The RCMP does not question or dispute that the two individuals who identified themselves as journalists while being arrested, were in fact journalists or on assignment. In fact, the RCMP responded to one of the media agencies on Thursday night on the importance for their journalist to identify themselves to police at the first opportunity and to adhere to police requests or directions moving forward.

The RCMP can confirm:

• The RCMP did not arrest anyone for being a journalist or detain anyone for performing their job.

• On Friday, November 19, the two individuals, that later identified themselves as journalists, were not denied access to the area, nor were they escorted in or asked to stay in a specific area while enforcement was taking place. Both individuals were already on-site and inside barricaded structures with others who were the focus of enforcement efforts underway along Marten FSR. They were among those (11 individuals) advised that their actions were in breach of the BC Supreme Court injunction (civil contempt). They were also among those to whom the injunction was read and they were afforded the opportunity to leave the structures.

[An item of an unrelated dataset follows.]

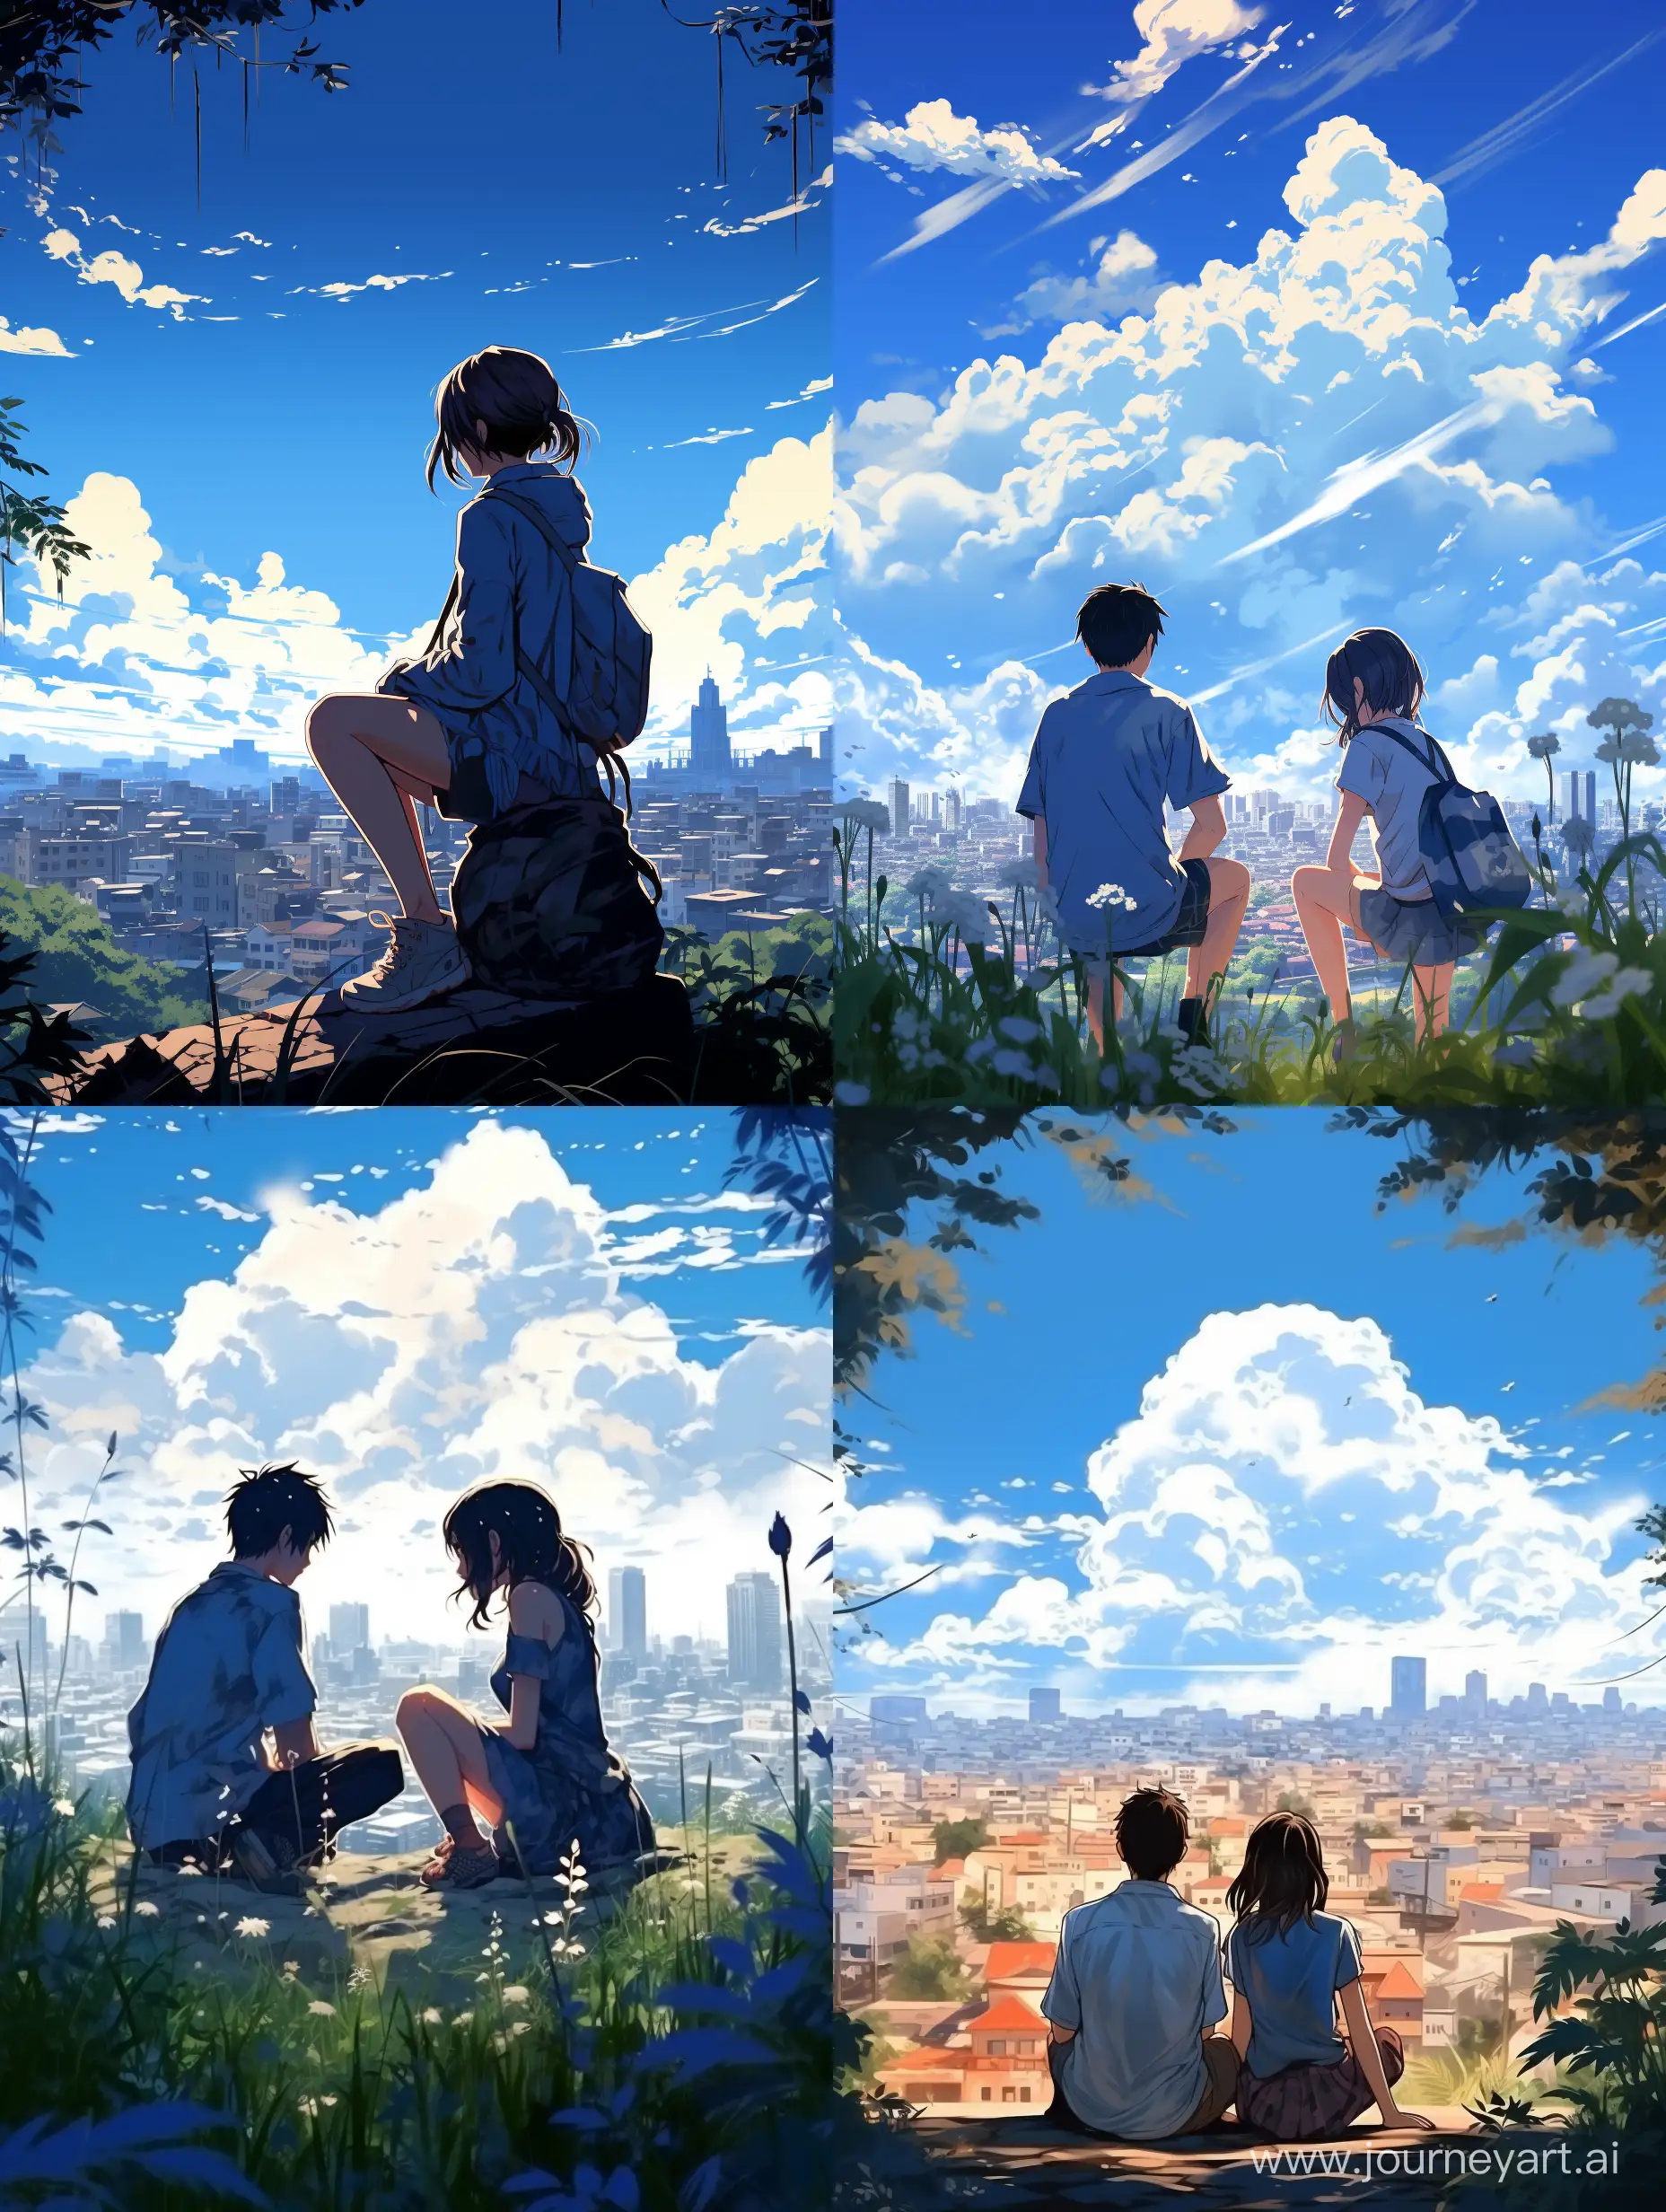 Anime, summer, background city, two teenagers, playing, style of Makoto Shinkai Byousoku 5 Centimeter, blue sky, advanced sense of color scheme, national trendy illustration, 8k, rich details,  natural lighting, minimalism --s 400

They did not identify themselves at any point during this dialogue with police, which lasted over 60 minutes.

• When police forced open the door and began to arrest those inside, the individuals then identified themselves as journalists. They were processed and held to appear before Madam Justice Church as per her orders within the injunctions. Their personal belongings were secured and not interfered with and are available to be returned after their court proceedings.

• 20 individuals appeared before the court today in Prince George. The two journalists were released after signing conditions to abide by the injunction, to keep the peace and to attend court at a future date. Hearings continue for other contemnors.

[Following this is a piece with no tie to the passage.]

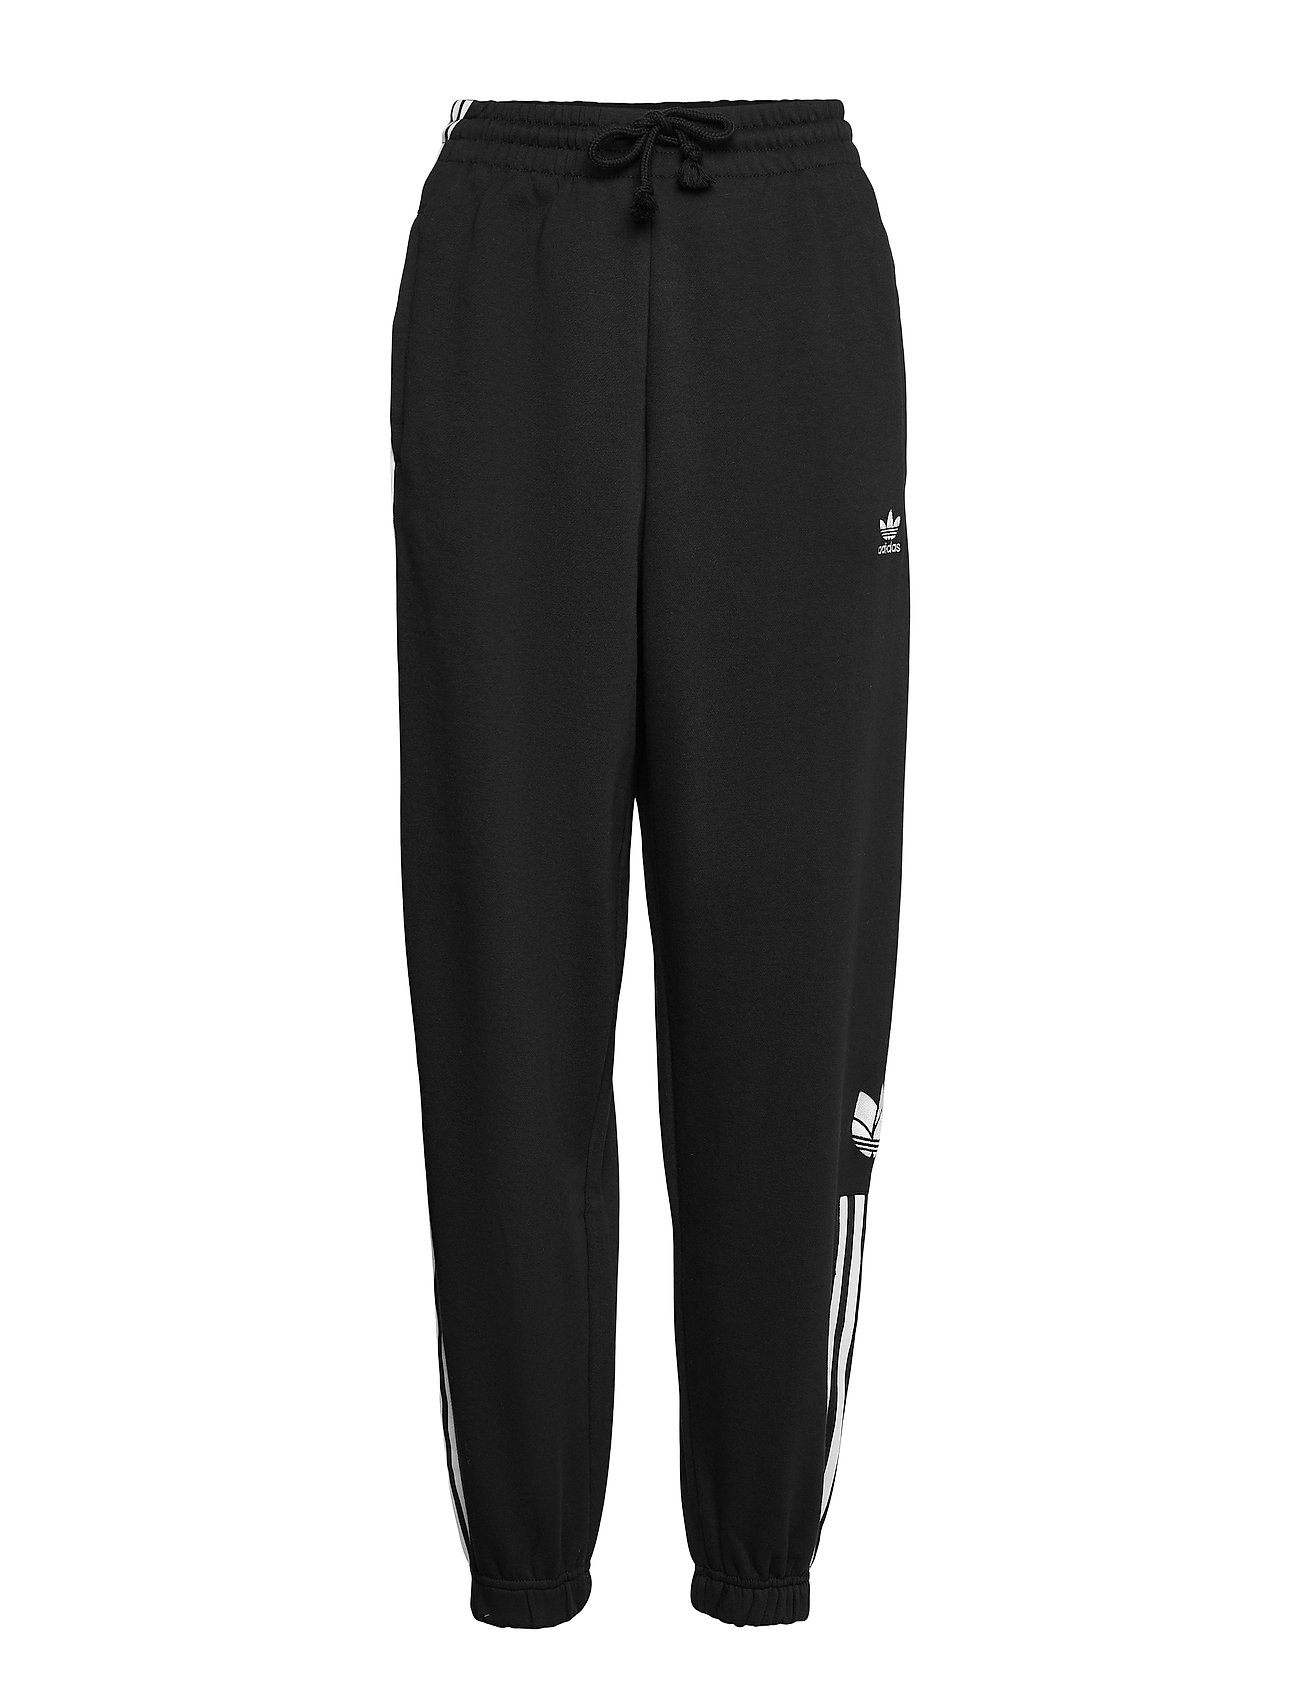 Adicolor 3d Trefoil Fleece Pants W Collegehousut Olohousut Musta Adidas Originals, adidas Originals

The primary role of the RCMP in any demonstration or assembly is to preserve the peace, protect life and property, and enforce the law. This includes protecting protestors’ rights to peaceful, lawful and safe demonstration as guaranteed under the Canadian Charter of Rights and Freedoms. The RCMP also has a responsibility to ensure the general public and businesses have a right to a safe environment.

Moving forward, I remain available and willing to work with the media on ensuring there are clear communications, processes, and understanding for all those involved.